Countering violent Islamist extremism is ultimately going to have to be much more about strong international cooperation on intelligence and policing, and winning relevant community support at home, than winning military battles abroad. It is also about recognising, as a number of Western governments remain reluctant to do, that there are some genuinely political, as distinct from pathological, reasons, why jihadi extremists find it so easy to recruit both throughout the Middle East and in the diaspora. They include the radicalising perceptions that the United States-led West continues to prop up authoritarians and dictators totally indifferent to their own citizens’ rights, and that it continues to be indefensibly one-sided in its approach to the Israel-Palestine problem. It is difficult to imagine any fundamental change in this new threat environment without at least a major change of tone in the way in which the West presents itself in the Islamic world.

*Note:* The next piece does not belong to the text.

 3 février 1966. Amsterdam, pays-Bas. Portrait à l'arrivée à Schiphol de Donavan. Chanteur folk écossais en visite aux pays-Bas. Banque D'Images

But it will not be easy to alter the policy of the United States and those who sail with it in these respects, not least with Donald Trump now installed as US president and doing nothing to dispel the perception as each month goes by that – as I have said elsewhere – this is the least informed, most underprepared, ethically challenged and psychologically equipped person to ever hold that office.

Staying Optimistic. One consolation in the turn of events since 2011-12 is that the only kinds of conflict running seriously against the Long Peace and New Peace trend-lines are those in which Islamist extremists are at least one of the parties: as Steven Pinker has recently put it, ‘the good news is that this is the only bad news’. If one sets aside all those cases, the story remains basically the good news one described above. While China’s assertiveness in its neighbouring waters, and particularly Putin’s overt aggression in Ukraine, have jangled nerves, war between any of the great or major powers remains essentially unthinkable, as does nuclear war initiated deliberately (as distinct from accidentally) by anyone. Interstate wars generally – a staple of history for centuries – show no signs of resurgence. Moreover, in the case of civil wars we tend to take little notice of the many that have ended quietly in recent years, and to forget those of the past that had massive death tolls.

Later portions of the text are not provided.